A new repeatable test case will be uploaded shortly. To run, please unpack the ZIP so that a mysql-test/suite/bug39440 directory is created and then run:

engine_type=Maria MTR_VERSION=1 perl mysql-test-run.pl \
--stress \
--stress-init-file=bug39440_init.txt \
--stress-test-file=bug39440_run.txt \
--stress-suite=bug39440 \
--stress-test-duration=60000 \
--stress-threads=100
[25 Dec 2008 19:24] Philip Stoev
Test case for bug 39440

Attachment: bug39440.zip (application/x-zip-compressed, text), 18.02 KiB.

[8 Jan 2009 9:10] Guilhem Bichot
see also BUG#40711, where crash is only a few lines far from this one.
[22 Jan 2009 21:55] Michael Widenius
There have been notable changes in the affected code in the MySQL-5.1-maria tree that is related to this problem (some of the changes fixes a similar problem).

These changes are not yet in in MySQL-6.0 or MySQL-6.0-maria (can be seen by doing a diff of ma_state.c between MySQL-6.0-maria an MySQL-5.1-maria).

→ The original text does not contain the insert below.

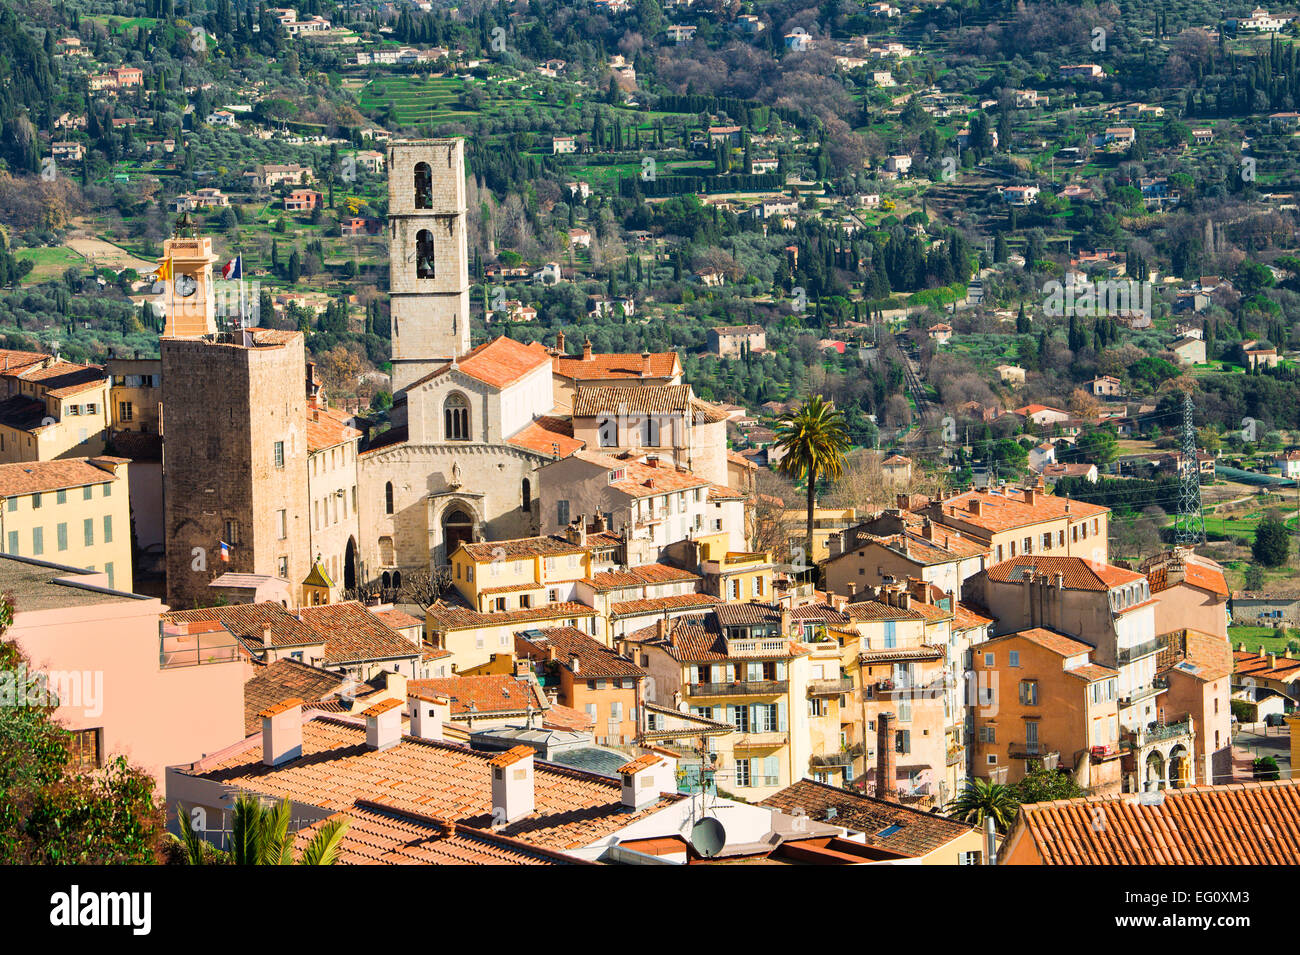 Vue sur la vieille ville de Grasse et de la cathédrale Notre-Dame du Puy, Grasse, Alpes-Maritimes, Côte d'Azur, France Banque D'Images

I have run the test in MySQL-5.1-maria, but not seen this problem.

We should retest this bug after we have done a new merge of MySQL-5.1-maria to MySQL-6.0
[28 Jan 2009 10:14] Oleksandr Byelkin
I was able to repeat in on mysql-maria with help of:
perl fork_big2.pl --user=root --thread-factor=5
It is rare but still present.
[10 Mar 2009 17:02] Guilhem Bichot
I ran this fork test above for 3 hours, no crash, with latest 6.0-maria. Must be a duplicate of BUG#40711.